We’ve had a few questions from customers on how to easily build better dashboards around Azure Monitor Alerts, particularly around Log based alerts where some of the information, such as the affected resource, may not be exposed easily.
When you create Log based alerts, the affected resource identified in the alert will always be the Logs workspace that the query is run against.
The machine name, instance name and other information is exposed as extended information, which is not available either in the Alerts table in Logs or exposed in the Alerts connector in workbooks.
In the email notification, this information is exposed as insights:
In the raw alert output, this is exposed in the SearchResults
If you want to build a dashboard that displays the number of alerts per machine for log-based alerts, you have two options:
· Use Logic Apps to write the Alert information into Logs with the Log Analytics Data Collector API, and then use queries to create your dashboard
· Use the Scheduled Query Rules Alerts REST API
In this blog post, we will look at the first option, which has three components:
We will use a log search alert rule, which will use an action group to trigger a logic app, which will use the Log Analytics Data Collector API to write the Alert information into a custom log in Log Analytics.
Create a Log Search Alert rule
For this example, we will create a log alert rule for Processor Utilisation exceeding threshold, using the following query:
| where ObjectName == “Processor” and CounterName == “% Processor Time”
| where TimeGenerated >= ago(30m)
| summarize AggregatedValue = avg(CounterValue) by bin(TimeGenerated, 10m), Computer, InstanceName
This query will average the % Processor time countervalue over 10 minute buckets and look at values in the last 30 minutes.
You can select the Metric Measurement logic, and then set your threshold.
Set your trigger options, as well as the evaluation periods as appropriate.
Create a logic app
To allow the Logic App to receive the alert data, you will need to select the When a HTTP request is received as your starting activity
You can then use the Log Alert for Log Analytics Sample Payload to generate the schema.
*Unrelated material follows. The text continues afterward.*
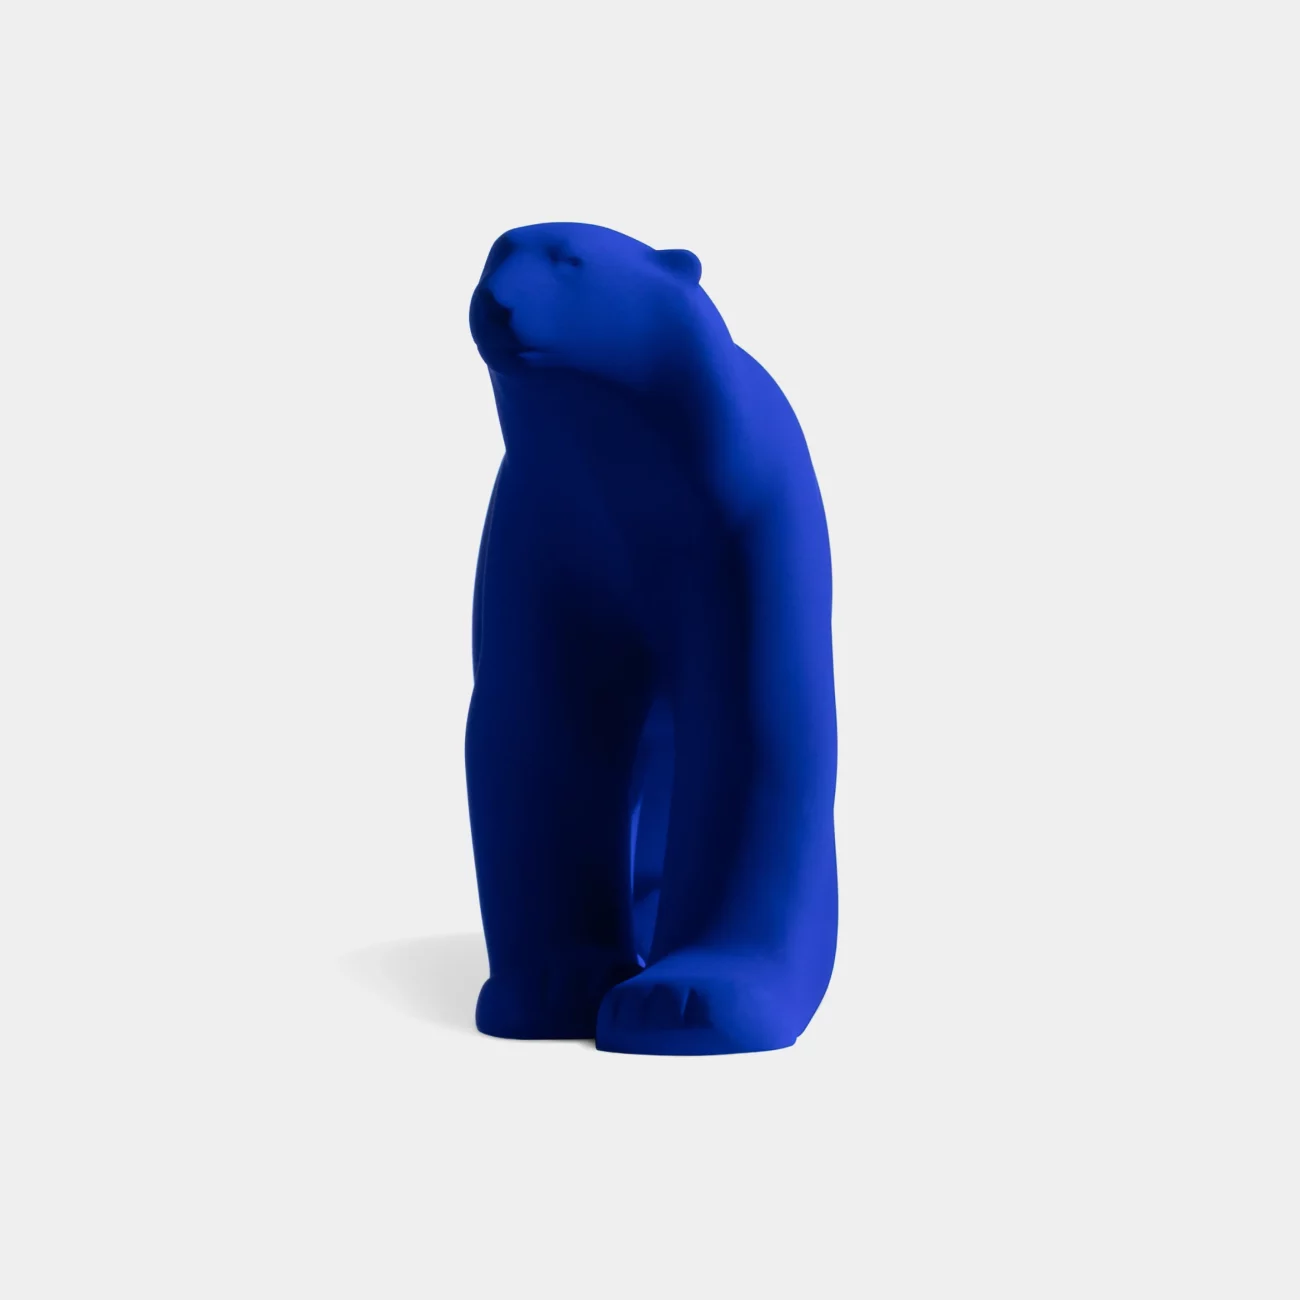 L'ours Pompon édition Yves Klein vue de face
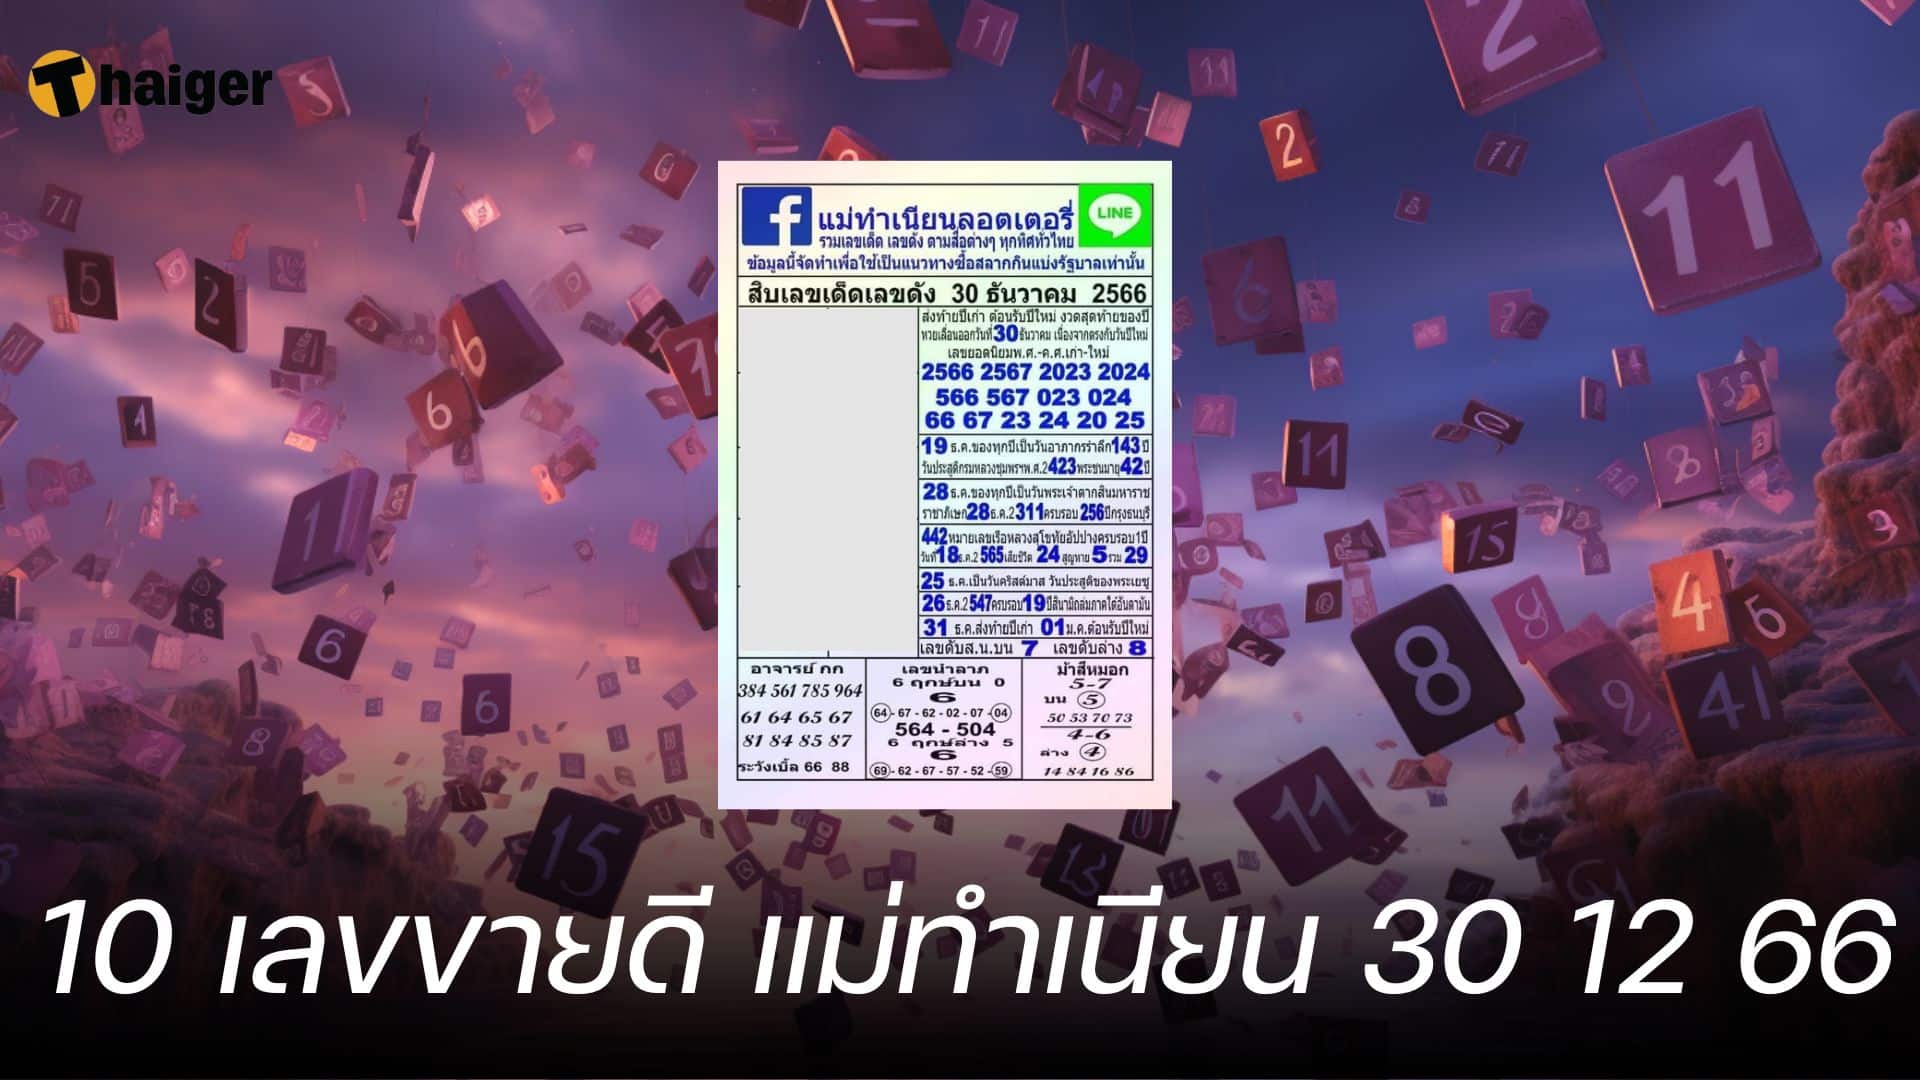 10 เลขขายดี แม่ทำเนียน หวยงวดนี้ 30 ธันวาคม 2566 | Thaiger ข่าวไทย

This will expose the alert components to the next steps.
The extended alert information is written into a nested array under Tables, and exposed in Rows. For this reason, you will need to add two nested For Each loops
The first activity will use the tables output, while the second will use the rows output.
As you will need to reference the loops in the later output, we renamed the activities to make it easier to reference.
Now you can add the Send Data activity and populate it with the content from the request received. The Request Body requires the correct JSON format, including field headers, to be populated.
To reference the content from the rows, you will need to map out the order of the values, starting from 0, and then reference them using the items() referencing function, along with the value number.
Note: You may have to create the Logic App with the first step only and the Action group before you populate the Send Data activity. That will allow you to view the raw output of the HTTP Request received activity – which you will need to map the field names for the items() dynamic content.
You can view this in the SearchResults area of raw output. In this example, the Computername is the second column in the results, so it is referenced as follows:
You can add additional steps here to also extract additional information other sources to enrich the alert information, such as Service Owner from a CMDB. You can also use this same Logic App to send out the notifications with this enriched information.
Create an action group to trigger the Logic App
You can now create an action group to trigger the Logic App you have created.
You are now able to edit the Logic App if required to complete the steps.